8. What considerations do you use to determine when a specific chapter or subsection of your work is complete? Is there a point at which you say, “that’s enough!” and promptly conclude the example or case being researched? How do you limit the scope and level of detail in your write-up?
I find it challenging to bound what each portion of my research is trying to say. This is amplified by the fact that I work with observational data where I often need to piece together different analyses and information together rather than analyze a single (natural) experiment. However, I think that it is helpful to iteratively ask myself a few questions throughout the process of completing a project, such as what is my research question? How am I answering this question? What am I empirically arguing? And what are the implications of this finding? This takes a lot of writing, asking for feedback, and rewriting, but once I have good answers for each question and they align, then I figure that I am about done!
9. What lessons have you learned (from any angle!) while doing this research for the past few years? Any notable discoveries about either yourself or the subject at hand? Anything pertinent to your future goals or vision, professionally or personally?
In the process of completing this project, I realized how much I value historical thinking. In my opinion, the danger of historical research is writing a “just so” story where it is obvious that things turned out as they did. As I became an adult living in America, I learned that people need credit cards and home mortgages. And bankruptcy laws were needed for those who failed. But bankruptcy struggled to be enacted because many people were concerned that it would be a tool for creditors (whether “Easterners” or “Shylocks”) to oppress rural debtors. Furthermore, during this period of industrialization, legislators considered how people could overcome unfortunate life events, like illness or job loss. They proposed options including welfare, charity programs, ethnic or religious mutual aid societies, as well as legalized credit markets. It was through a series of these policy fights, failed experiments, and unintended consequences that credit and bankruptcy became seen as essential to life in America.
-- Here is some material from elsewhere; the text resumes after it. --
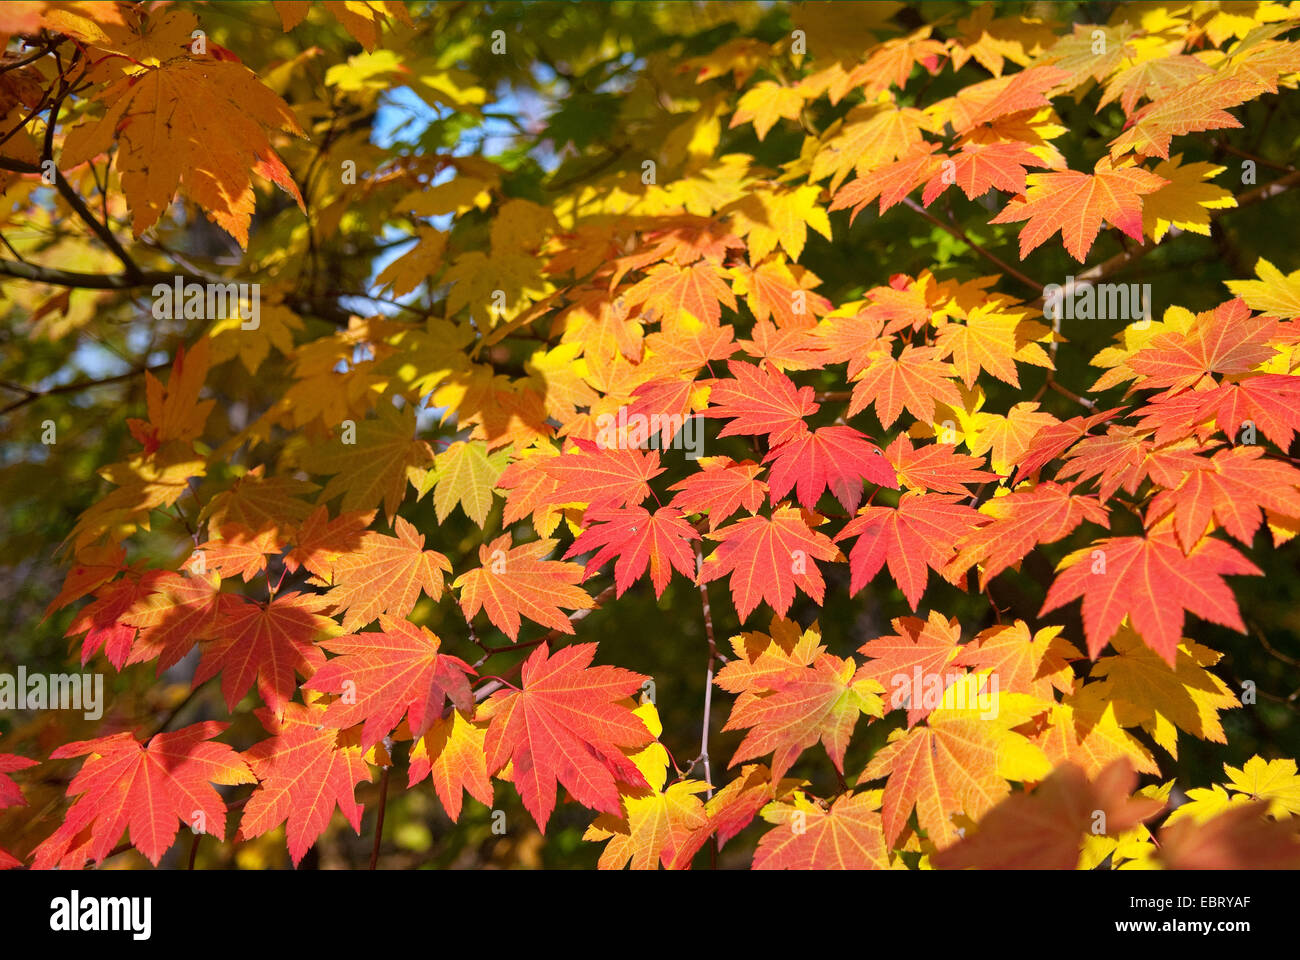 Japanese maple (Acer japonicum), branch with autumn leaves Stock Photo

I hope that whatever the future holds for me and this project, I can continue to develop this perspective - of not taking the structures of our world for granted - but rather examining how they came to be.
10. Where will this work be eventually published? Would you like to share with our readers any papers you might have written on similar research, or links to others’ works that might be helpful in understanding the subject better? Do you potentially intend to turn your dissertation into something bigger, beyond your university’s internal depository?
Haha, I’m working on it! Beyond Columbia’s repository (which will release my dissertation on ProQuest in a few years), parts of my dissertation are currently undergoing the academic review process at scholarly journals. Ideally, however, this dissertation will be published someday as a book. I hope that this book, through highlighting the debates about and practice of early bankruptcy, can speak to questions that are relevant to Americans who live beyond the Ivory tower, such as when is it appropriate to borrow money, who is at fault (the lender or the borrower) at the point of economic failures, and what costs does each party need to pay in bankruptcy?